You could also use a Schema "DSL" (see Support functions for DataFrames in org.apache.spark.sql.ColumnName).

scala> val id = $"id".int
id: org.apache.spark.sql.types.StructField = StructField(id,IntegerType,true)


scala> val name = $"name".string
name: org.apache.spark.sql.types.StructField = StructField(name,StringType,true)


scala> import org.apache.spark.sql.types.StructType
import org.apache.spark.sql.types.StructType


scala> val mySchema = StructType(id :: name :: Nil)
mySchema: org.apache.spark.sql.types.StructType = StructType(StructField(id,IntegerType,true), StructField(name,StringType,true))


scala> import org.apache.spark.sql.Row
import org.apache.spark.sql.Row


scala> val emptyDF = spark.createDataFrame(sc.emptyRDD[Row], mySchema)
emptyDF: org.apache.spark.sql.DataFrame = [id: int, name: string]


scala> emptyDF.printSchema
root
|-- id: integer (nullable = true)
|-- name: string (nullable = true)

import scala.reflect.runtime.{universe => ru}
def createEmptyDataFrame[T: ru.TypeTag] =
hiveContext.createDataFrame(sc.emptyRDD[Row],
ScalaReflection.schemaFor(ru.typeTag[T].tpe).dataType.asInstanceOf[StructType]
)
case class RawData(id: String, firstname: String, lastname: String, age: Int)
val sourceDF = createEmptyDataFrame[RawData]

Here is a solution that creates an empty dataframe in pyspark 2.0.0 or more.

from pyspark.sql import SQLContext
sc = spark.sparkContext
schema = StructType([StructField('col1', StringType(),False),StructField('col2', IntegerType(), True)])
sqlContext.createDataFrame(sc.emptyRDD(), schema)

Here you can create schema using StructType in scala and pass the Empty RDD so you will able to create empty table. Following code is for the same.
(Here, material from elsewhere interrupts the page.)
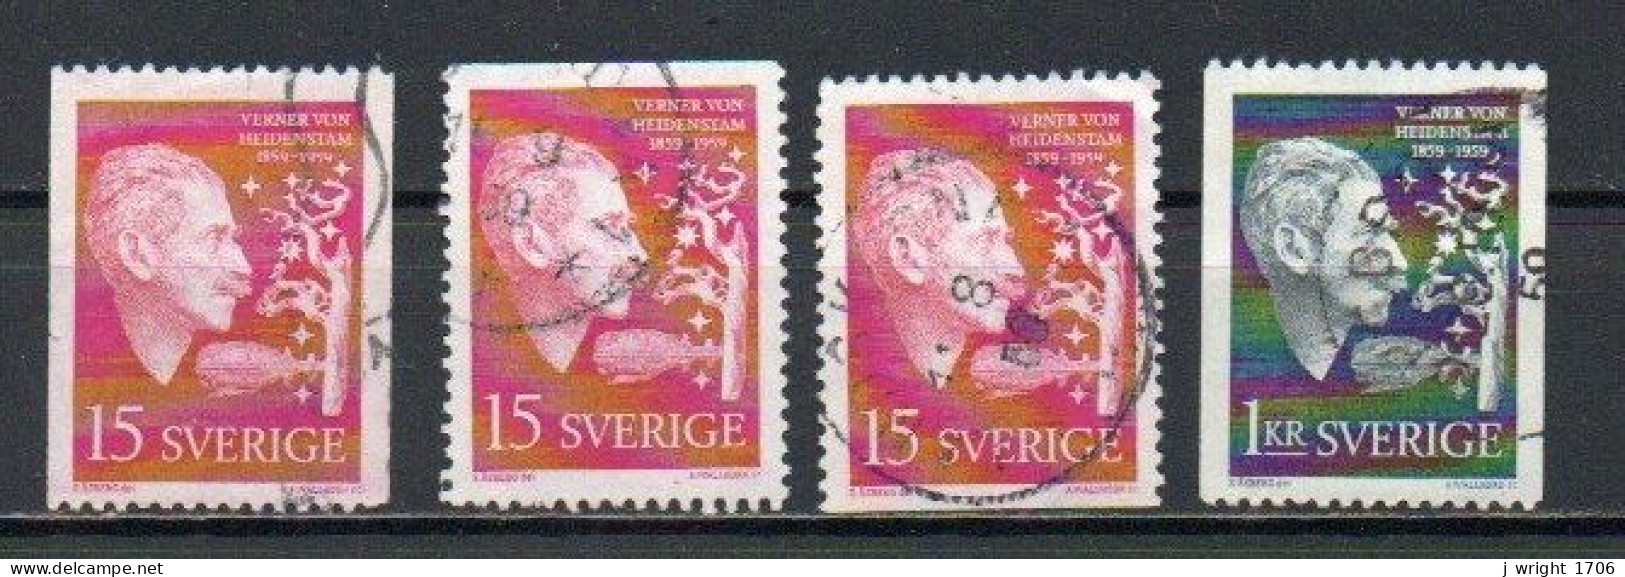 Sweden, 1959, Verner Von Heidenstam, Set, USED - Oblitérés
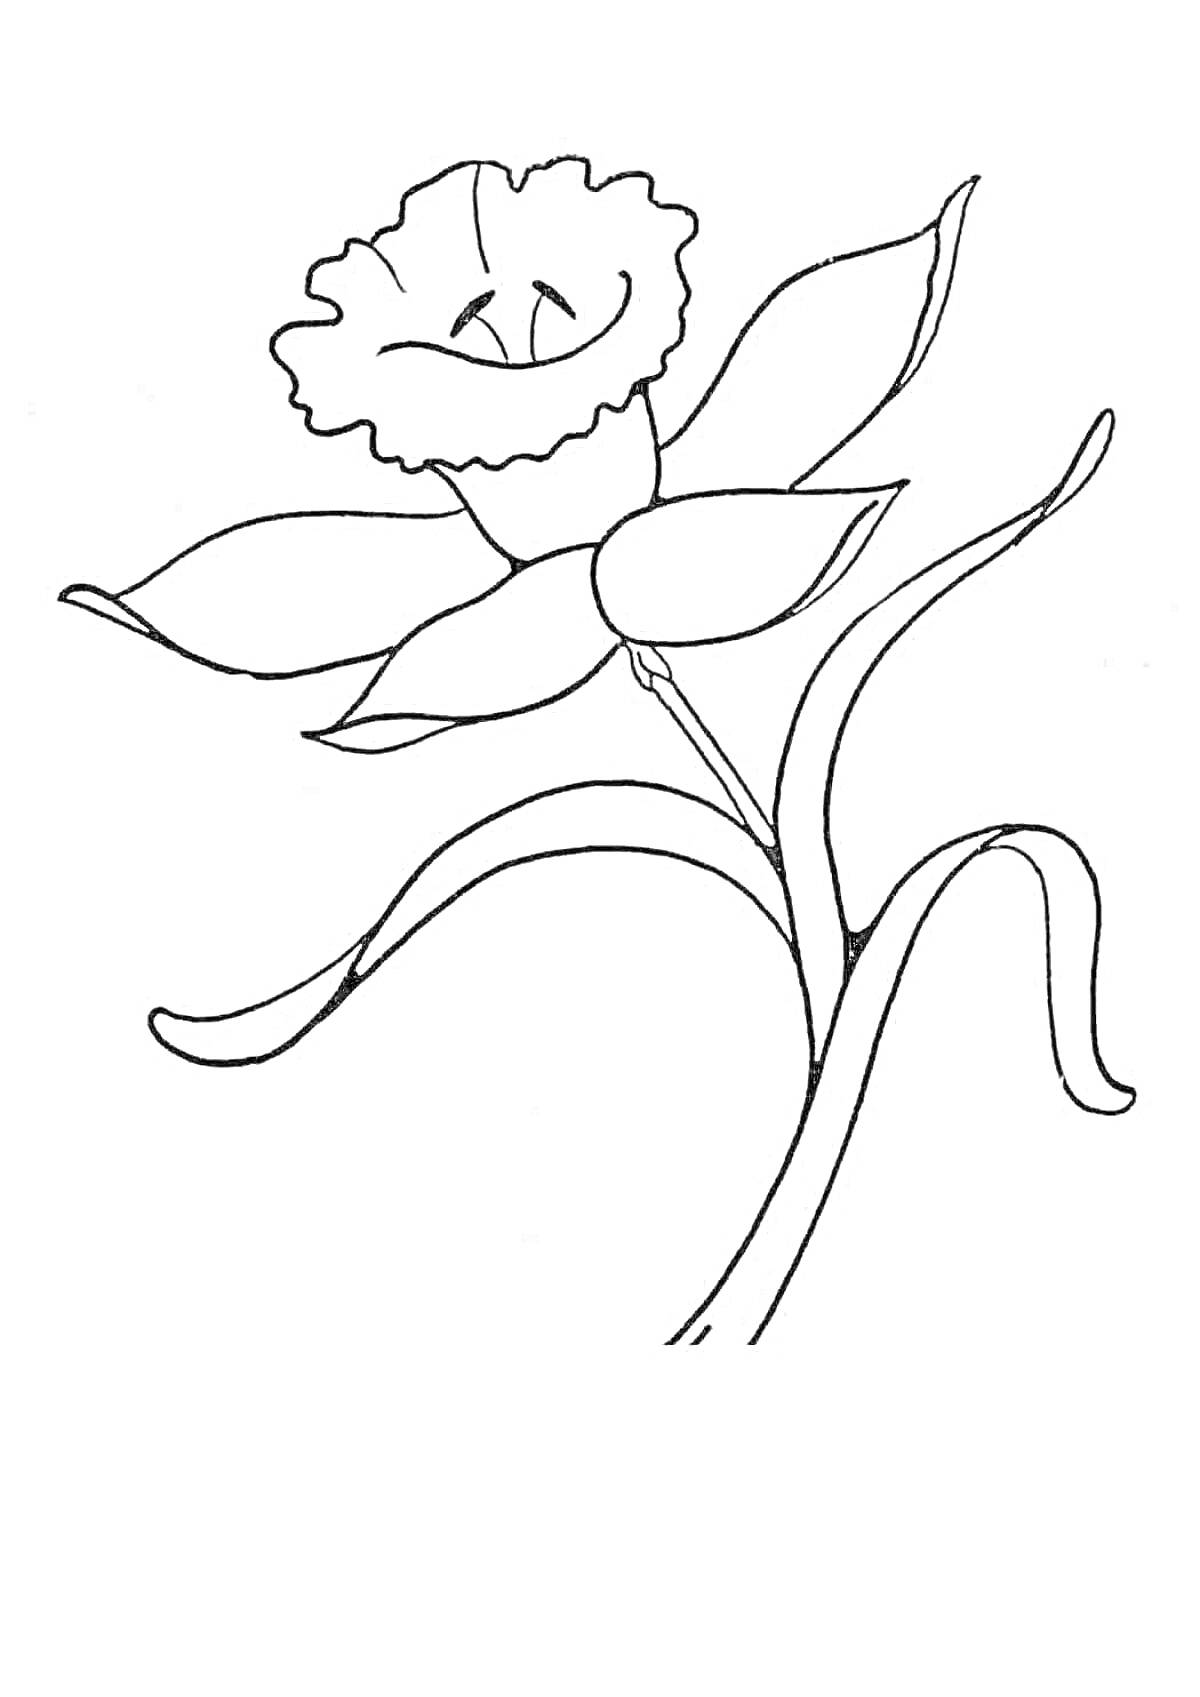 Раскраска Раскраска с изображением неизвестного цветка с пятью лепестками, волнистым краем верхнего лепестка, большими листьями и стеблем

import org.apache.spark.SparkConf
import org.apache.spark.SparkContext
import org.apache.spark.sql._
import org.apache.spark.sql.Row
import org.apache.spark.sql.SparkSession
import org.apache.spark.sql.types.StructType
import org.apache.spark.sql.types.StructField
import org.apache.spark.sql.types.IntegerType
import org.apache.spark.sql.types.BooleanType
import org.apache.spark.sql.types.LongType
import org.apache.spark.sql.types.StringType






//import org.apache.hadoop.hive.serde2.objectinspector.StructField


object EmptyTable extends App {
val conf = new SparkConf;
val sc = new SparkContext(conf)
//create sparksession object
val sparkSession = SparkSession.builder().enableHiveSupport().getOrCreate()
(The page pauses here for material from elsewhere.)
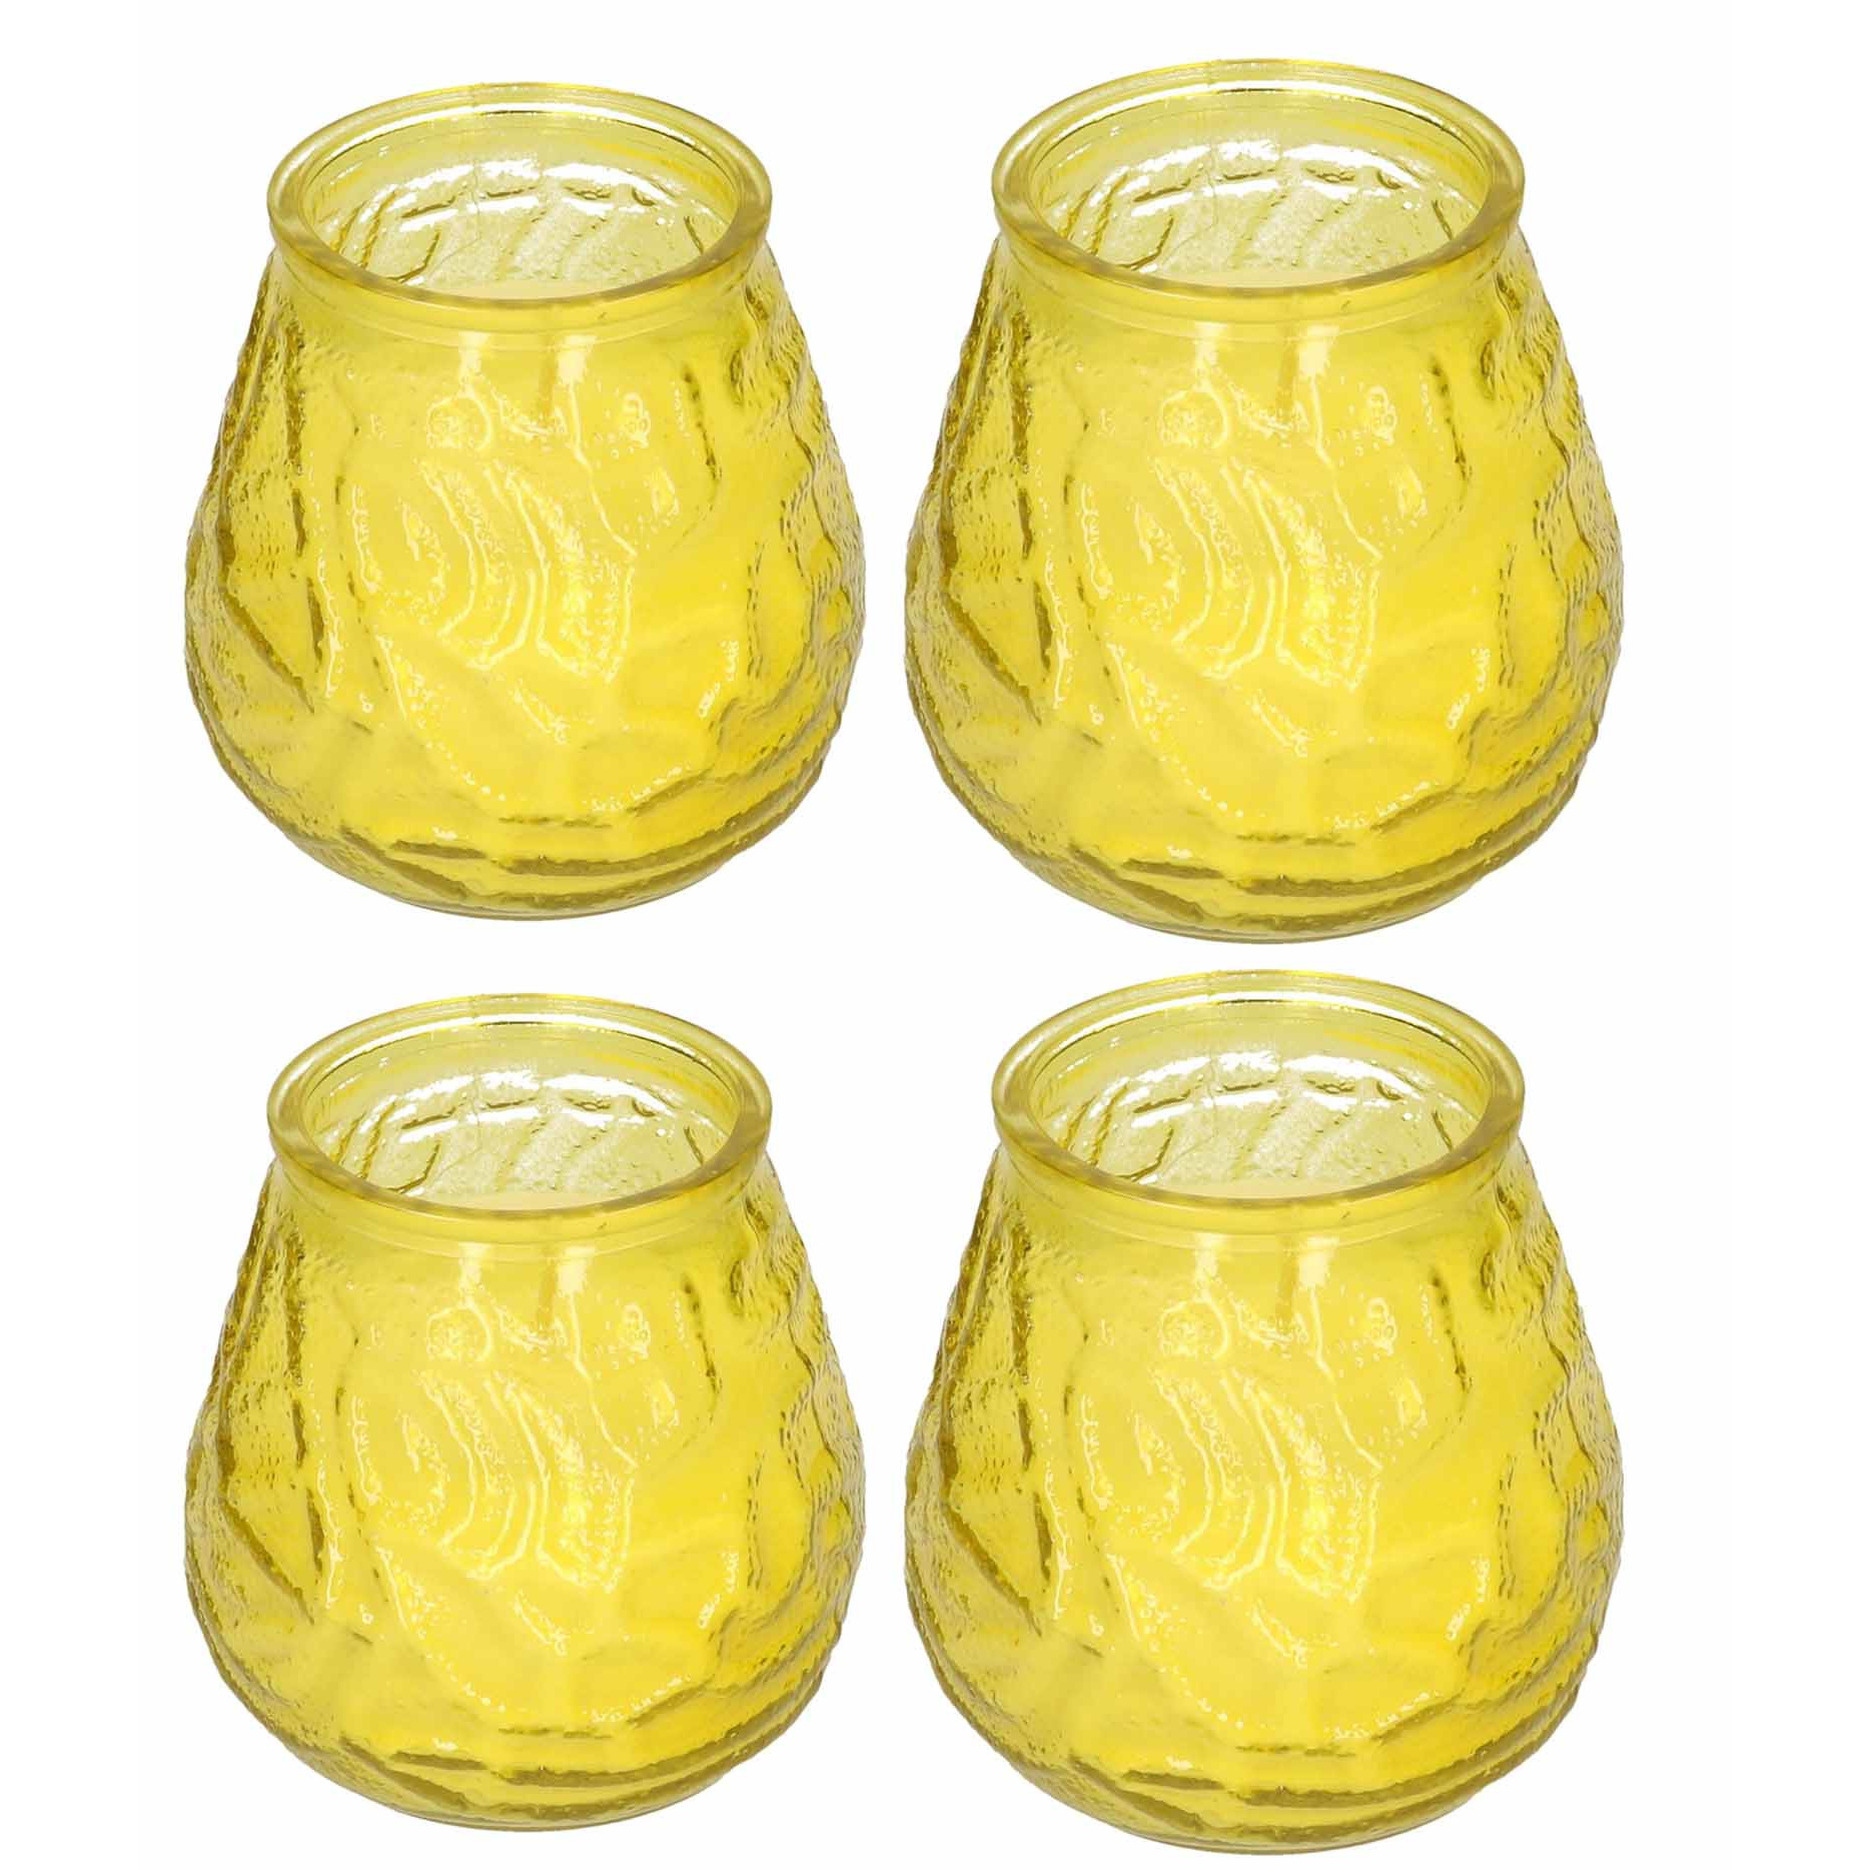 Windlicht geurkaars - 4x - geel glas - 48 branduren - citrusgeur

//Created schema for three columns
val schema = StructType(
StructField("Emp_ID", LongType, true) ::
StructField("Emp_Name", StringType, false) ::
StructField("Emp_Salary", LongType, false) :: Nil)


//Created Empty RDD


var dataRDD = sc.emptyRDD[Row]


//pass rdd and schema to create dataframe
val newDFSchema = sparkSession.createDataFrame(dataRDD, schema)


newDFSchema.createOrReplaceTempView("tempSchema")


sparkSession.sql("create table Finaltable AS select * from tempSchema")


}

Java version to create empty DataSet:

public Dataset<Row> emptyDataSet(){


SparkSession spark = SparkSession.builder().appName("Simple Application")
.config("spark.master", "local").getOrCreate();


Dataset<Row> emptyDataSet = spark.createDataFrame(new ArrayList<>(), getSchema());


return emptyDataSet;
}


public StructType getSchema() {


String schemaString = "column1 column2 column3 column4 column5";


List<StructField> fields = new ArrayList<>();


StructField indexField = DataTypes.createStructField("column0", DataTypes.LongType, true);
fields.add(indexField);


for (String fieldName : schemaString.split(" ")) {
StructField field = DataTypes.createStructField(fieldName, DataTypes.StringType, true);
fields.add(field);
}


StructType schema = DataTypes.createStructType(fields);


return schema;
}

As of Spark 2.4.3

val df = SparkSession.builder().getOrCreate().emptyDataFrame

This is helpful for testing purposes.

Seq.empty[String].toDF()

I had a special requirement wherein I already had a dataframe but given a certain condition I had to return an empty dataframe so I returned df.limit(0) instead.

I'd like to add the following syntax which was not yet mentioned:

Seq[(String, Integer)]().toDF("k", "v")

It makes it clear that the () part is for values. It's empty, so the dataframe is empty.

This syntax is also beneficial for adding null values manually. It just works, while other options either don't or are overly verbose.